Using any decent flight simulator, including Microsoft Flight Simulator, can give you a head start on theory and techniques for flying. There's a slight risk of developing a few bad habits, due to the differences between a simulator and real life, but you're still far ahead of where you would be if you had nothing at all.
Once you begin taking flying lessons in a real aircraft, simulator practice becomes less important, but you can still use simulators to practice various things (especially instrument flight) even when taking lessons for real. A key advantage to simulation is that it's very cheap, so if you can't afford to take lessons in a real aircraft eight hours a day, perhaps you can settle for a few hours in the real thing per week, and lots of extra hours in the simulator.

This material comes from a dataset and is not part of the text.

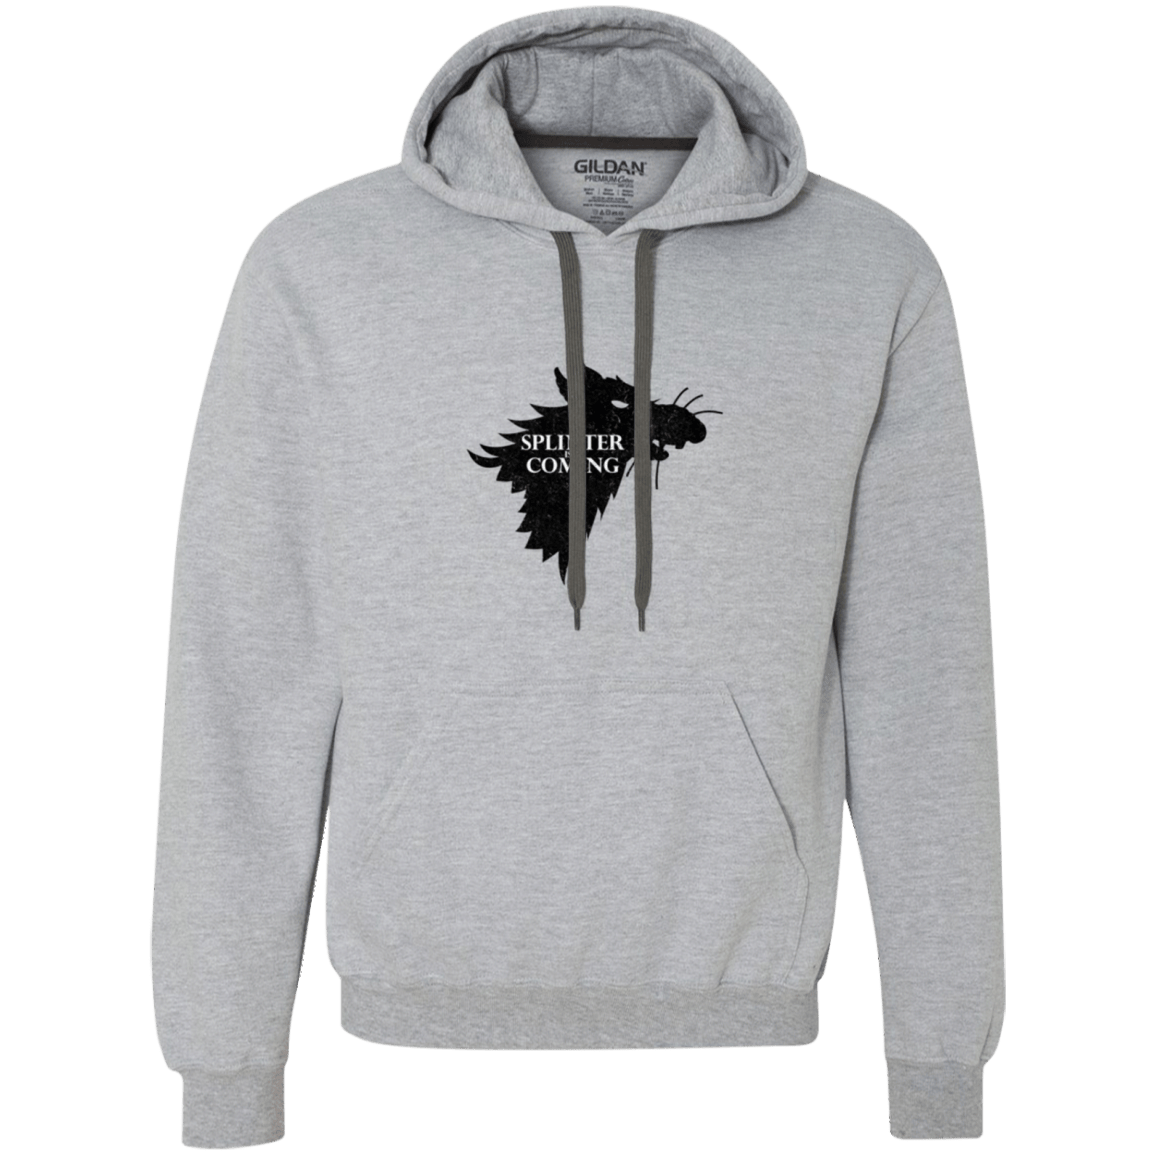 Sweatshirts Sport Grey / Small Splinter is Coming Premium Fleece Hoodie

Simulators vary in their accuracy, but for ordinary flight regimes in ordinary aircraft, they can be useful for improving one's understanding of flight principles. Used with books and with real-world instruction in real airplanes with flight instructors, I don't see how simulation could possibly do anything but help.
The answer is a technical yes. Flight simulators are great tools for understanding the use of various indicators and the basic concepts of piloting. That said, they cannot mimic the number of controls found in actual aircraft (which are not flown with a joystick :) ) - there is also no tactile feedback.
Consider them a part of your training arsenal, but only in the beginning. Once you get in the air, I would stop using them.